Un vin au goût d'Antiquité

A Praz, Marylène Bovard Chervet élève une partie de son vin dans des jarres en terre cuite. Une méthode ancestrale et très naturelle.

Les amphores utilisées par Marylène Bovard Chervet sont faites en France, avec une terre locale et sans adjuvants. © Château de Praz

Dans la cave du Château de Praz, ça sent bon. Une odeur forte et fruitée. Nous sommes en pleine période de vinification et les cuves sont remplies de précieux liquide, en pleine fermentation.

C'est une période d'attente et de grande attention pour Marylène Bovard Chervet qui d'un pied sûr, grimpe à l'échelle au sommet des immenses récipients, observe la mousse qui s'est formée, hume mais pas de trop près quand même les effluves qui se dégagent.

Elle écoute aussi, parce que la fermentation émet un petit grésillement que la spécialiste perçoit sans difficulté. "On travaille vraiment avec tous ces sens". Des sens qui lui donnent très rapidement l'état de situation de ses vins.

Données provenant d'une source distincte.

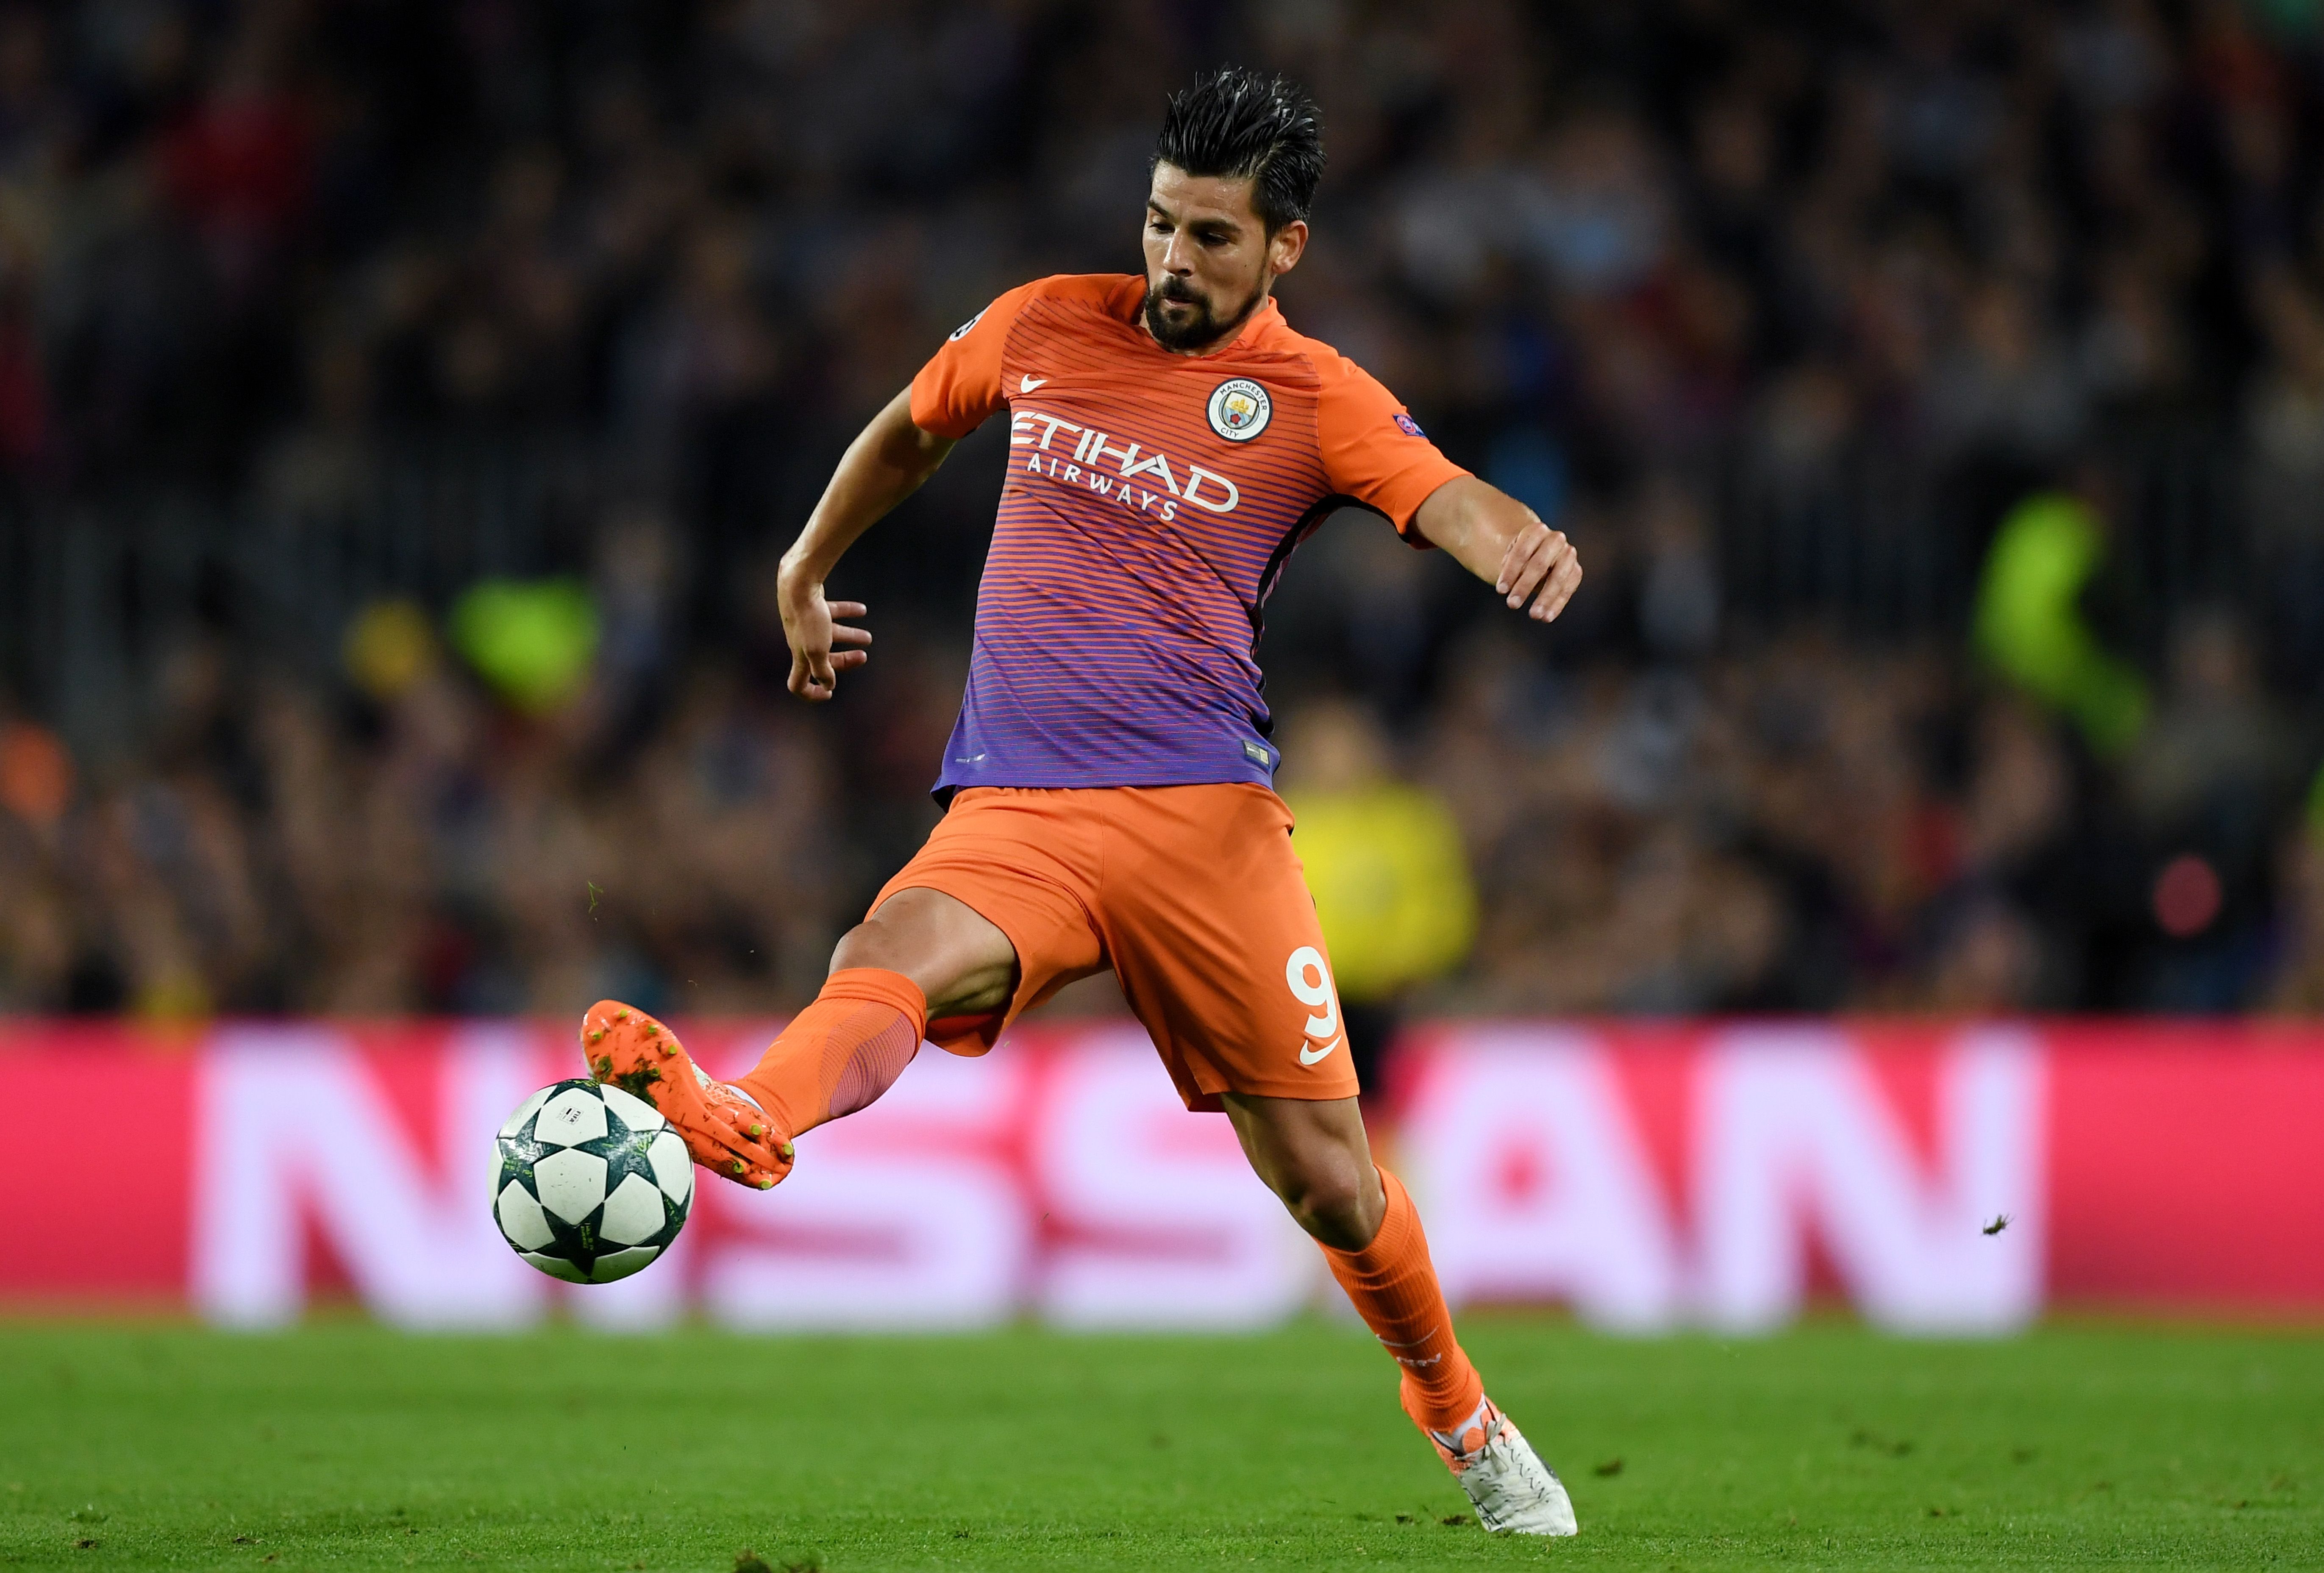 Nolito in action for City

Et en cas de rhume, que faire? "C'est vraiment ennuyeux, souligne Marylène, mais heureusement j'ai des collaborateurs aussi qui sont très bien formés à être attentifs au niveau des sens."

Avec son mari Louis, elle gère un domaine dans sa famille depuis plusieurs générations. Avec passion et curiosité. Une curiosité qui a poussé le couple à investir dans quelques jarres en terre cuite, produites en France avec une telle locale "et sans adjuvants" souligne l'oenologue.

"Cette idée était depuis longtemps dans nos esprits" se souvient-elle. Et puis une dégustation, un jour, pousse Marylène et Louis à tenter l'expérience, il y a 7 ans. "ça fait partie de ce retour aux sources". L'amphore était en effet beaucoup utilisée jadis. Et pour la viticultrice "ça fait sens d'y retourner".

Freiburger rustique et chasselas en dentelle

Elle a essayé plusieurs cépages pour un élevage en jarre. Mais ceux qui ont produits les résultats les plus intéressants sont le Freiburger pour son côté rustique et le chasselas " beaucoup plus en dentelle".

Alors évidemment, c'est un matériau fragile, il faut être très soigneux quand on les manipule, on les lave. "On en a quand même cassé quelques-unes", rigole-t-elle. Et puis la terre cuite est poreuse. Il faut donc les fermer hermétiquement une fois le vin à l'intérieur, après avoir réalisé la fermentation alcoolique -  dans une cuve "classique". Car la fermentation en question, à savoir la transformation du sucre en alcool grâce à des levures, dégage du gaz carbonique qu'il faut pouvoir évacuer.

Une fois la fermentation achevée, le vin est mis en jarre pour développer ses arômes avant la mise en bouteille. Le but est d'intervenir le moins possible, sans ou avec peu de brassages. Avec cette méthode naturelle, Marylène a constaté que la maturation se fait plus rapidement. Et les vins, auxquels elle marie environ 10% de celui produit en jarre, sont par conséquent prêts plus rapidement. Une vraie plus-value pour une production qui tourne sur une année et qu'il faut pouvoir renouveler dans les temps. D'ailleurs, en 2021, les les volumes produits étaient plus faibles en raison des mauvaises conditions météo de l'été. La cuvée est donc déjà totalement écoulée. Les clients doivent donc attendre celle de 2022, actuellement en préparation.

Le stress de l'artiste

Les clients justement sont très curieux de cette méthode de vinification en amphore. Mais Marylène Bovard Chervet n'en fait pas un argument marketing "On n'expose pas nos jarres" souligne-t-elle. Pour l'oenologue, seule la plus- value qualitative et gustative compte. Son goût justement évolue, constate encore la viticultrice. "Je ne fais plus les mêmes vins qu'au début de ma carrière".Elle ose plus mais propose des produits qui la convainquent toujours à 100%. Mais ça l'empêche pas d'avoir toujours une petite appréhension au moment de présenter sa nouvelle cuvée "C'est un peu le stress de l'artiste qui monte sur scène".

Et dans cette recherche et ce chemin vers des méthodes plus naturelles, le couple de viticulteurs a franchi un nouveau cap cette année : une reconversion au bio. Une démarche mûrement réfléchie "Le bio c'est pas tout blanc par rapport au conventionnel qui serait tout noir, explique Marylène. Le recours parfois à un produit chimique peut éviter de devoir ensuite traiter beaucoup". Mais cette fois, le pas est fait au point que le couple plante des cépages qui n'ont pus besoin de traitements, parce que "il faut essayer d'être cohérent du début à la fin".